Exploratory Data Analysis (EDA) Toolbox


Contents

Version 1.0, November 2004

The EDA Toolbox comes with absolutely no warranty and is distributed under the GNU license. For details see the license.txt file. This is free software, and you are welcome to redistribute it under certain conditions (see the license.txt file and the GNU license)

It is intended that this toolbox accompany the book Exploratory Data Analysis with MATLAB, Wendy and Angel Martinez, CRC Press, 2004. However, you do not need the book to use this toolbox.

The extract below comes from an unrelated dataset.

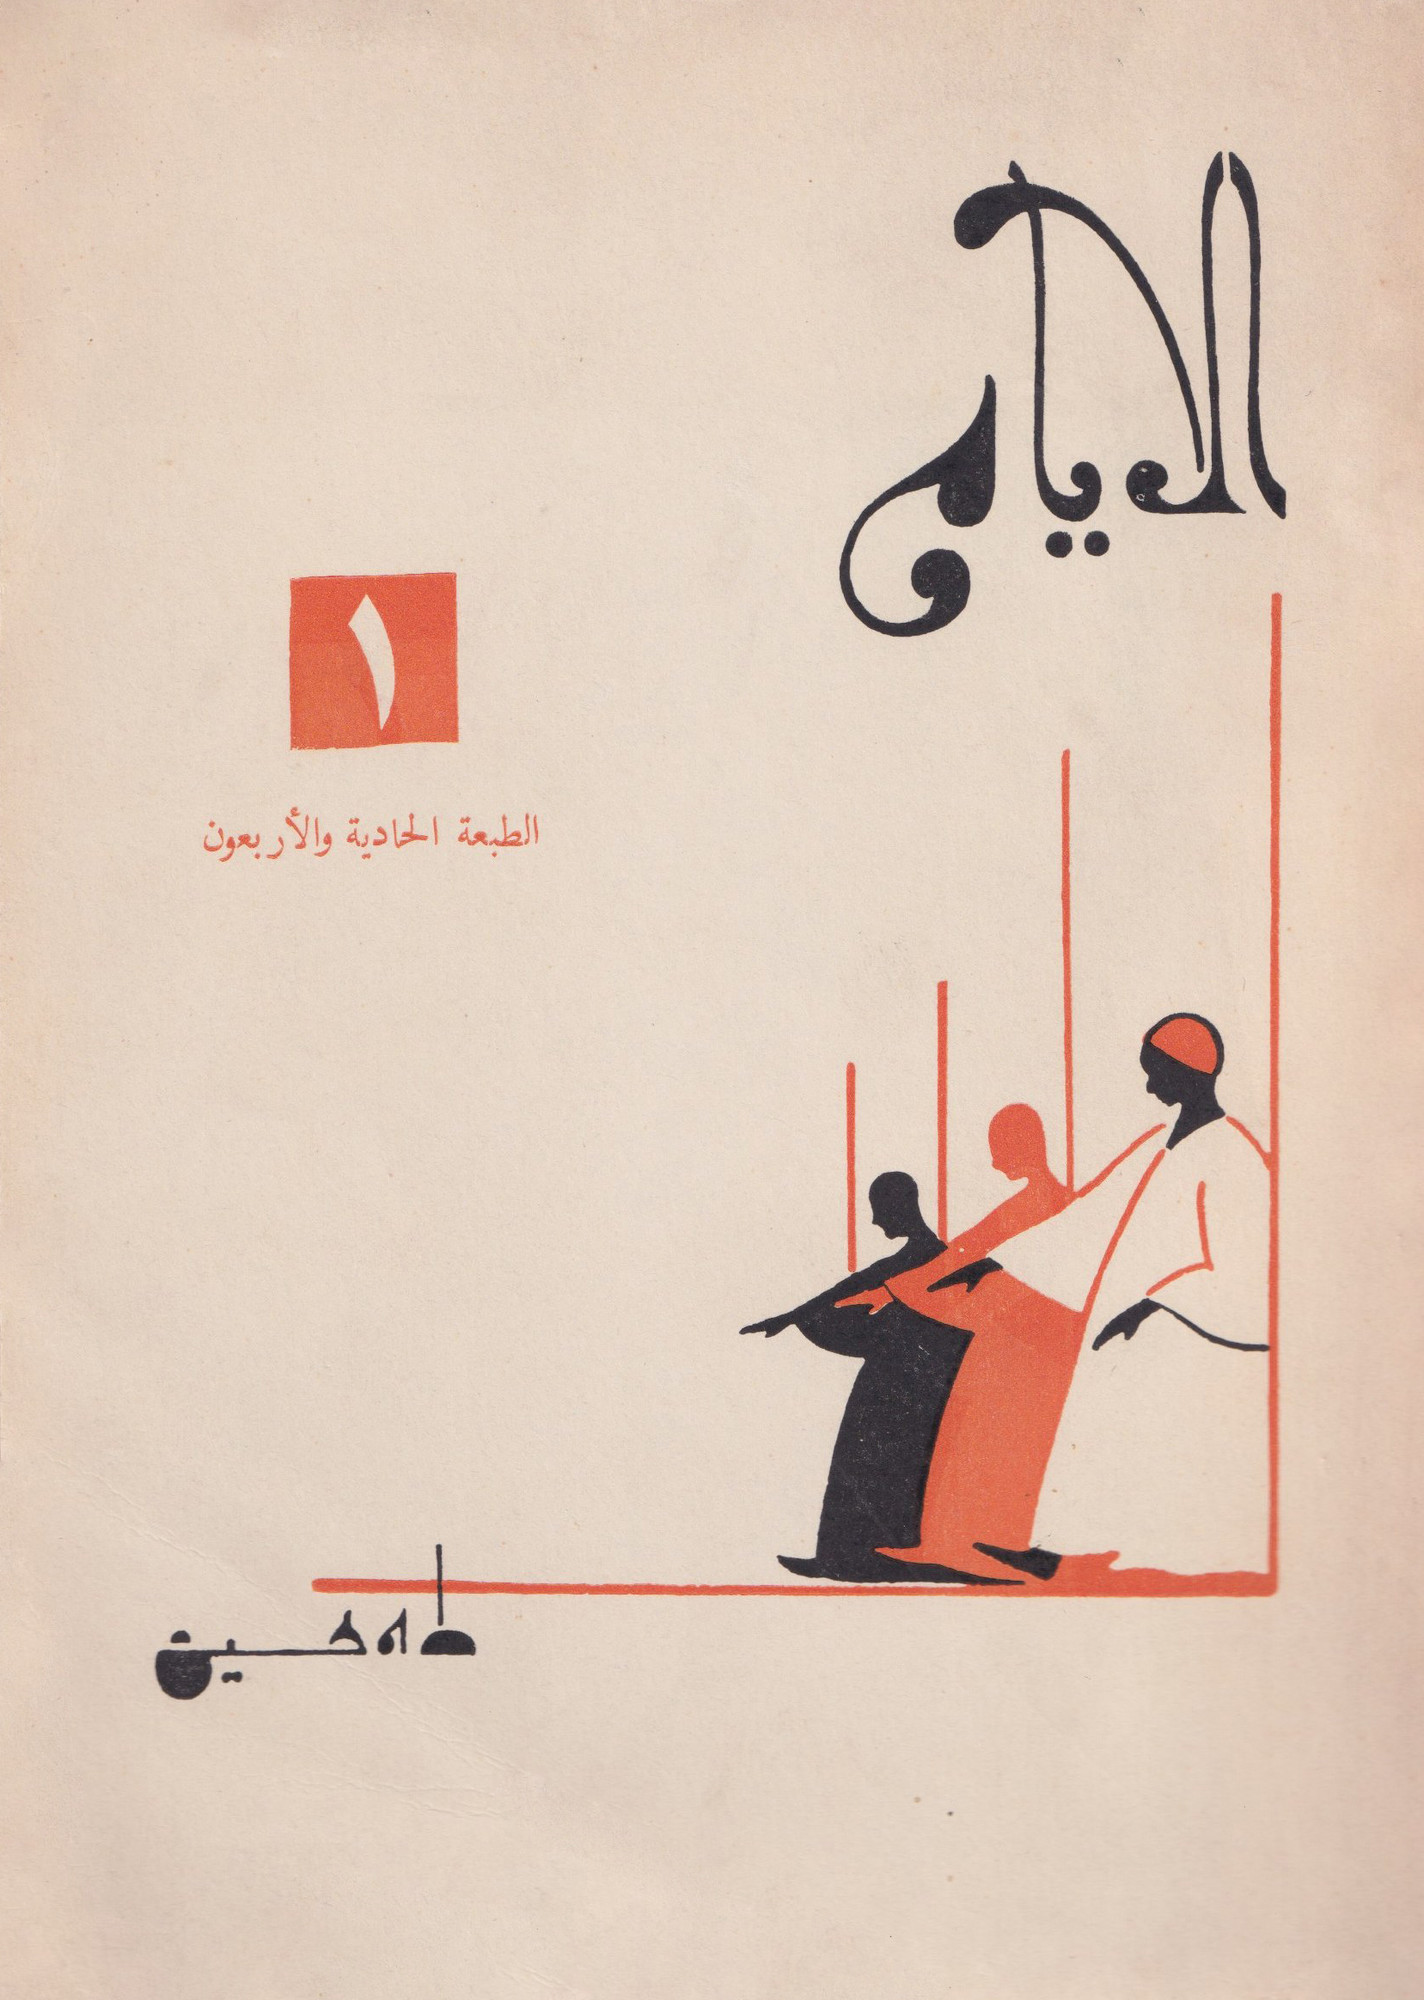 “I giorni” by Taha Hussien. Designer: Hussien Bicar, 1942

We have several upgrades in mind (GUIs, functions), so please keep checking the download websites for new versions.

Acknowledgments

Disclaimer

Platform

Installation

Contents by category

Contents in alphabetical order

Data Sets

Documentation

GTM Toolbox

SOM Toolbox


Acknowledgments:

We would like to acknowledge code that has been contributed by other authors (under the GNU license):

Other references are available on the above websites and on the individual function help pages. We are also grateful for helpful suggestions regarding MATLAB coding from Tom Lane, The MathWorks, Inc.

Return to top.


Disclaimer:

This software and documentation are distributed in the hope that they will be useful, but they are distributed without any warranty and without even the implied warranty of correctness or fitness for a particular purpose.

The federal government, in particular the Department of the Navy and the Department of Defense, disclaims all responsibility for this software and any outcome from its use. In addition, this software and documentation does not reflect the views of and is not endorsed by the federal government nor the Department of the Navy.

The code has been tested with care, but is not guaranteed to be free of defects and is not guaranteed for any particular purpose. Bug reports and suggestions for improvements are always welcome.

Return to top.


Platform:

This code has been developed for the Windows system, using MATLAB 6.5 and 7.0. The M-file functions should work on any platform, but the installation steps would be different. Consult your system files or The MathWorks website for more information.

Note that for full functionality, the user should have the MATLAB Statistics Toolbox, Version 4 or higher.

Return to top.


Installation:

The following installation instructions are for Windows versions of MATLAB. This toolbox can also be used with Unix and Linux operating systems, with suitable changes to the directory structure for toolboxes and paths.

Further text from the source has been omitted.